Financial Due Diligence

EBITDA Add-Backs

Also known as: Adjusted EBITDA, EBITDA Adjustments, Normalizations

EBITDA add-backs are one-time, non-recurring, or owner-specific expenses added back to reported EBITDA to show the company’s true ongoing earning power.

EBITDA add-backs, also called adjustments or normalizations, are expenses added back to a company’s reported EBITDA because they do not reflect how the business will run going forward. The result, Adjusted EBITDA, is meant to show a buyer or investor the company’s true, repeatable earning power.

Common add-backs

  • Owner compensation above market. An owner paying themselves $500K for a role a hired manager would do for $200K creates a $300K add-back.
  • Personal or non-business expenses. Vehicles, travel, or memberships run through the business.
  • One-time legal or settlement costs that will not recur.
  • Non-recurring professional fees, for example a one-off ERP implementation.

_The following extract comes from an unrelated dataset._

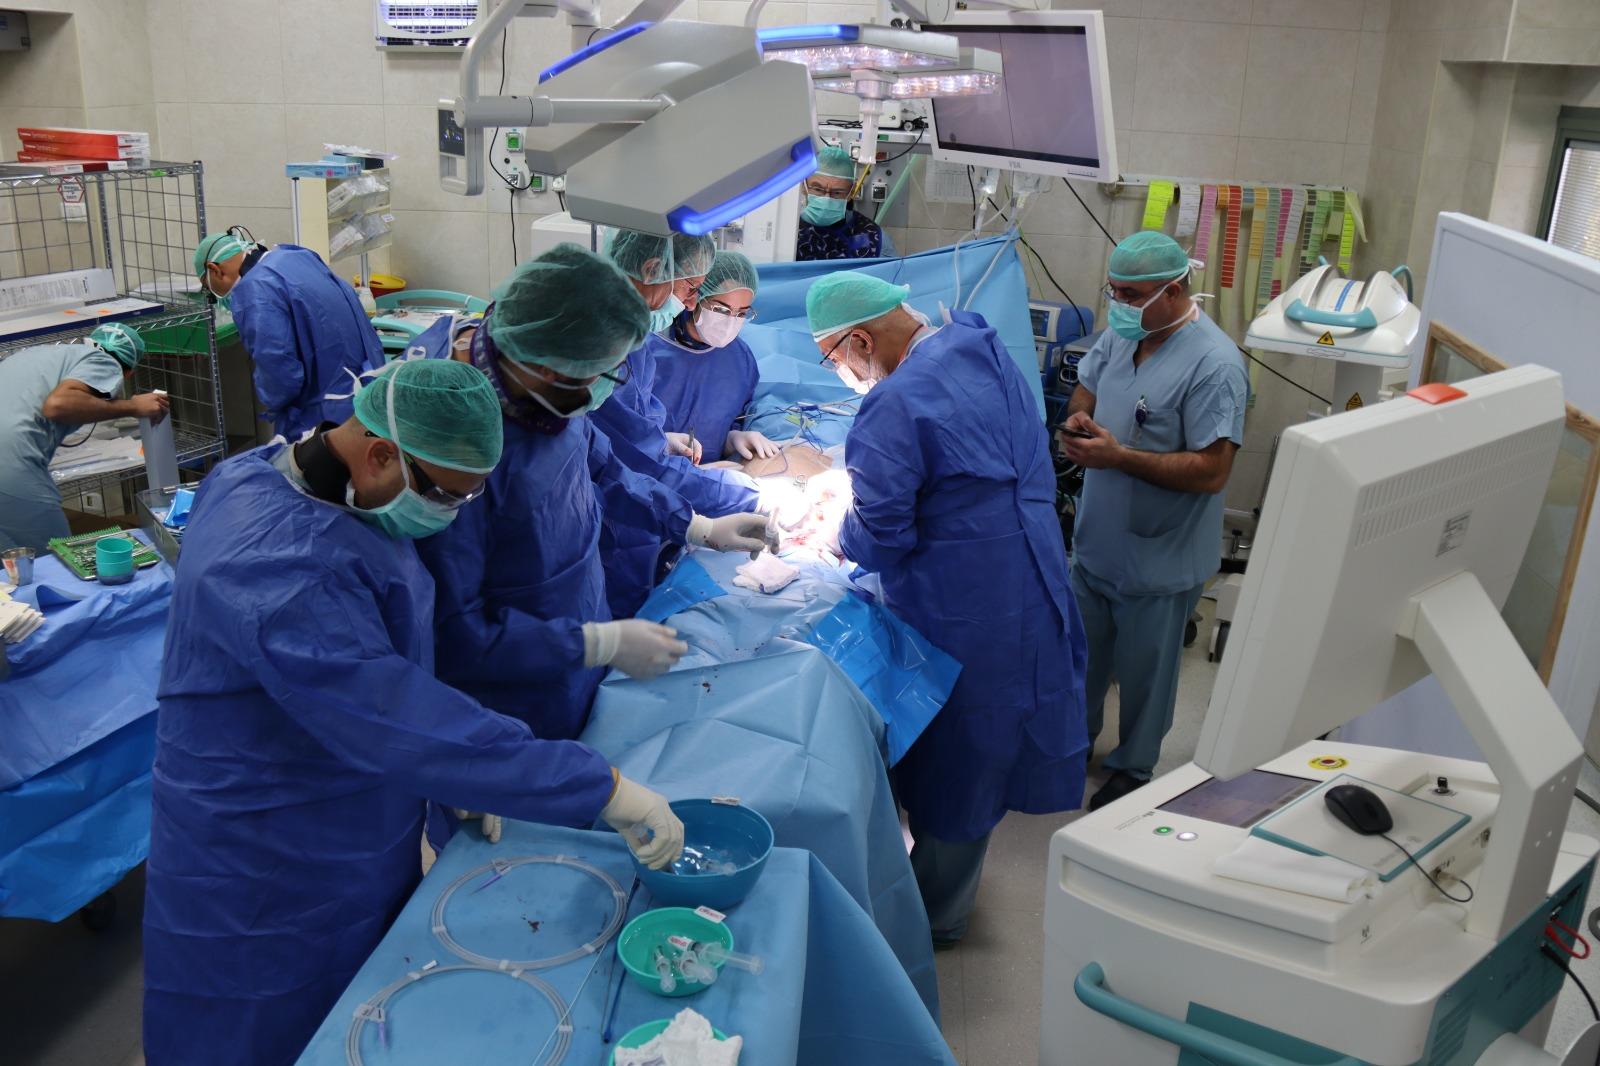 """לראשונה אחרי 10 שנים במרכז הרפואי """"זיו"""": ניתוח לתיקון מפרצת אבי העורקים באמצעות צנתור"""

Why they matter, and why they are scrutinized

In a deal, every dollar of defensible add-back can raise the purchase price by the EBITDA multiple, often 4x to 10x. That makes add-backs one of the most contested items in financial due diligence. Buyers, whether a search fund, a private equity firm, or a strategic acquirer, challenge aggressive or poorly documented adjustments, and a credible quality of earnings analysis traces each add-back to source documents.

Frequently asked questions

Why do add-backs increase a company’s value?
Because most businesses are valued as a multiple of EBITDA. If a $300K owner-compensation add-back is accepted and the business sells for 6x EBITDA, that single adjustment adds roughly $1.8M to the purchase price, which is exactly why buyers scrutinize each one.